High performance computing refers to the use of parallel processing techniques to solve complex computation problems efficiently. HPC systems, like Gadi, consist of clusters of interconnected computers, each equipped with multiple processors and large amounts of memory. These systems are designed to handle massive datasets and perform computations at speeds far beyond those achievable by your personal computer.
Why do we need HPC for bioinformatics?
In bioinformatics, researchers deal with massive datasets generated by technologies such as next-generation sequencing (genomics, transcriptomics) and mass spectrometry (proteomics). Analysing these datasets requires computationally intensive tasks such as sequence alignment, genome assembly, and statistical analysis. HPC systems provide the computational power and memory resources necessary to process these datasets efficiently.
Expectations
Gadi is a shared resource and its efficient use not only ensures fair access for all users but also helps minimise the environmental impact of high-performance computing, as systems like Gadi consume significant energy resources. When you are using a system like Gadi, there are potentially hundreds of other users accessing the system at the same time as you. For Gadi to remain efficient and usable, everyone needs to be courteous and use the system with consideration for others.

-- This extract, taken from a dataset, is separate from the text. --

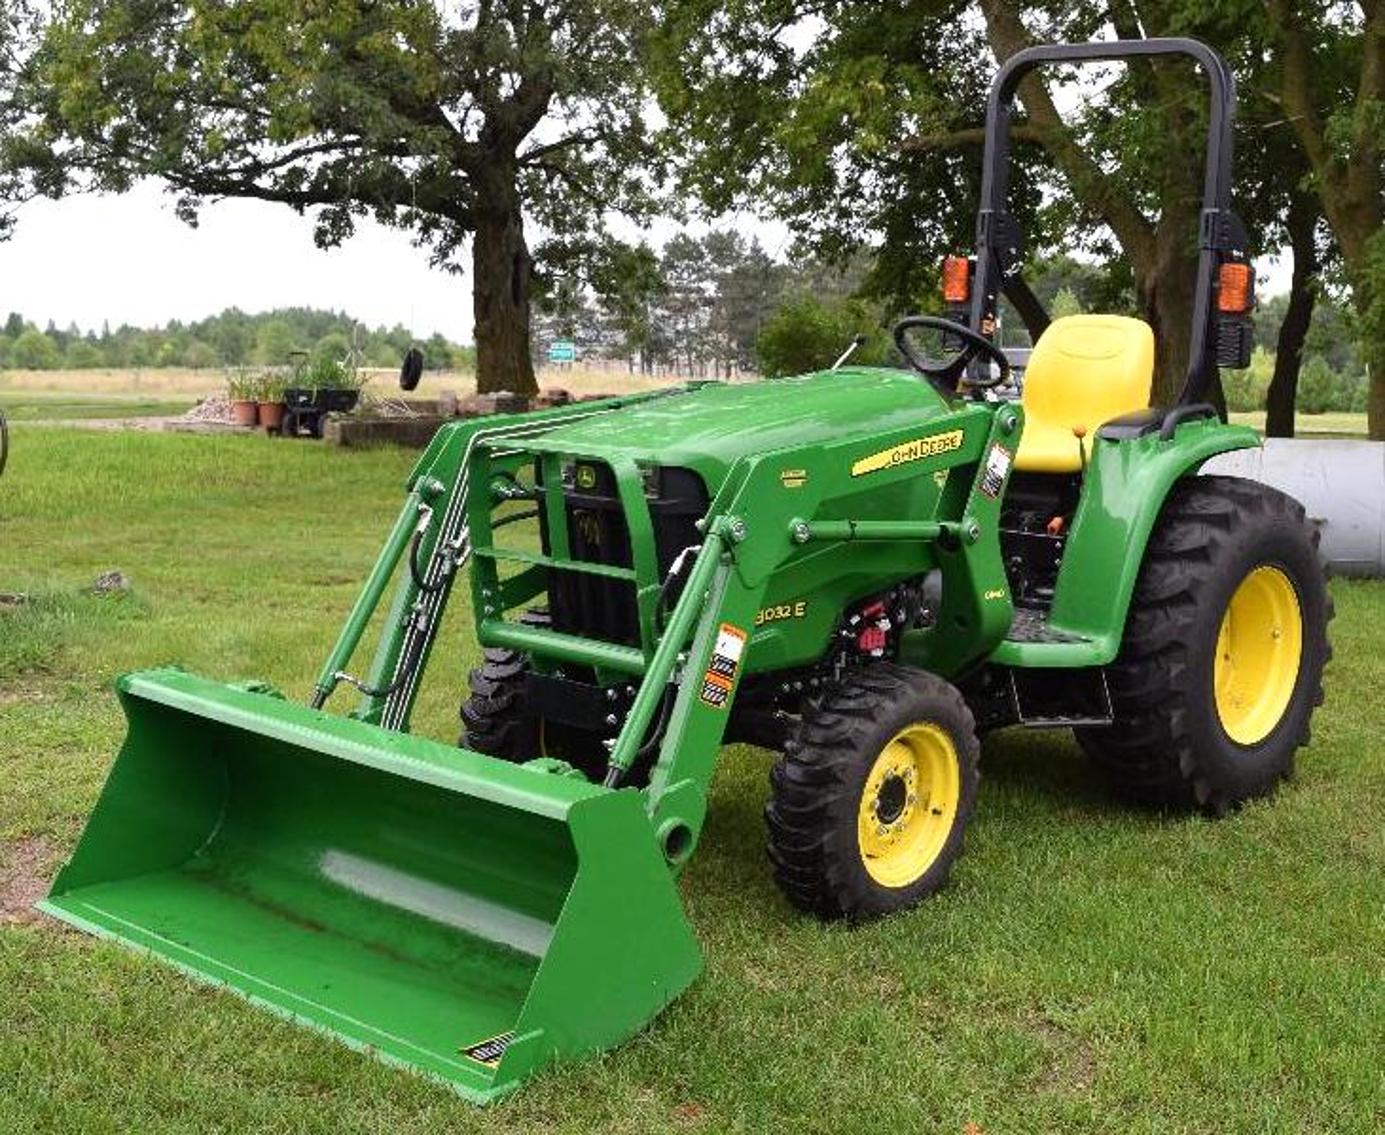 JD 3032E Tractor With Loader, JD 2320 HST With Mower & Loader, Jeep CJ7

Here are some tips to help you be a good citizen of the HPC community:
1. Use job queues appropriately
Gadi runs a PBSpro job scheduler that manages the allocation of resources to users. When you submit a job, it is placed in a queue and will run when the requested resources become available. Unlike on Artemis where your job is allocated to a suitable queue based on your resource request, Gadi users need to explicitly request their job is sent to a specific queue. It is important for you to pick a job queue that is appropriate for your job.
2. Responsibly manage your data
/scratch
is not a safe space for long term data storage. If it has not been accessed in 100 days, it will be subjected to NCI’s clean up policy. If you have a /g/data
allocation, this is a better place to store your data whilst working on Gadi. Once you have finished your analysis, it is best practice to move your data to a more permanent storage solution, like RDS.

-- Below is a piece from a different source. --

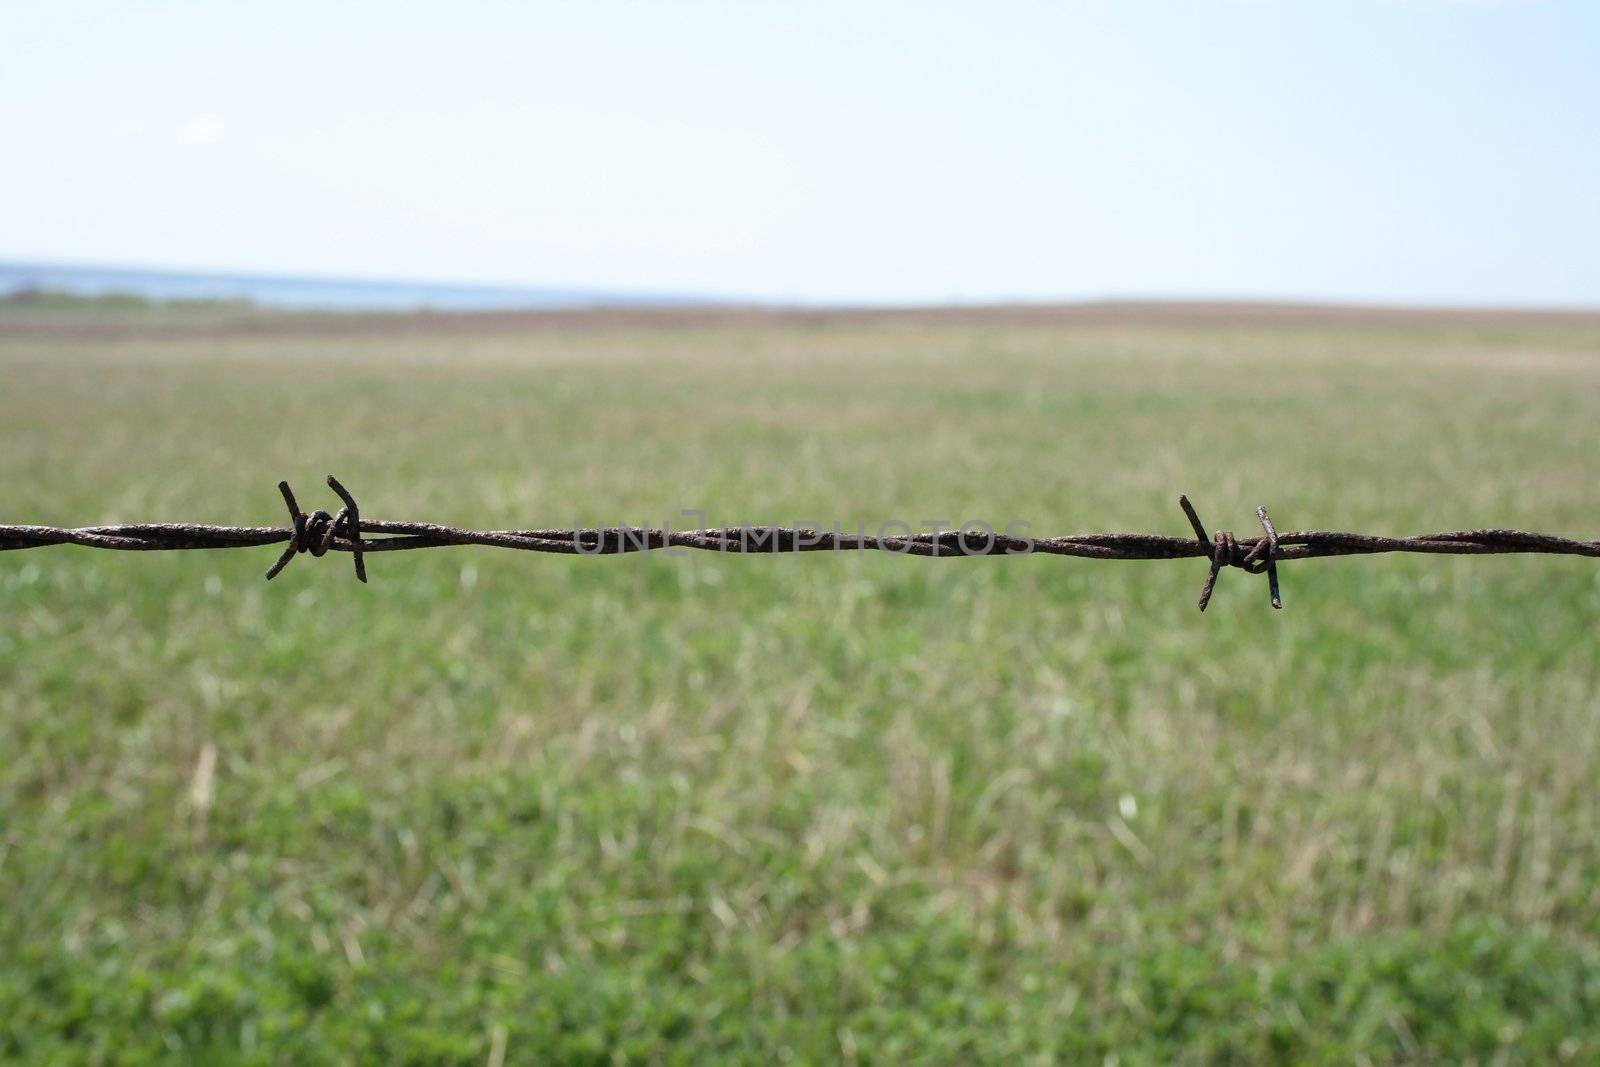 Rusty barbed wire fence detail. Shallow depth of field with green blurry field in the background.

3. Don’t request more resources than you need
Don’t request resources that you won’t need, it will only result in your job and other users jobs being held up, and you wasting your service unit allocation. The PBS scheduler will find time for 2 cpus faster than 4 cpus, so in the interest of speed, be efficient. Given the bursty nature of some jobs, it can be hard to know what resources a tool needs. We suggest the following:
- Step 1: Consult the software documentation
- Often, developers will outline the minimum amount of RAM (memory) and whether a tool is multi-threaded (e.g. use >1 CPU or GPU)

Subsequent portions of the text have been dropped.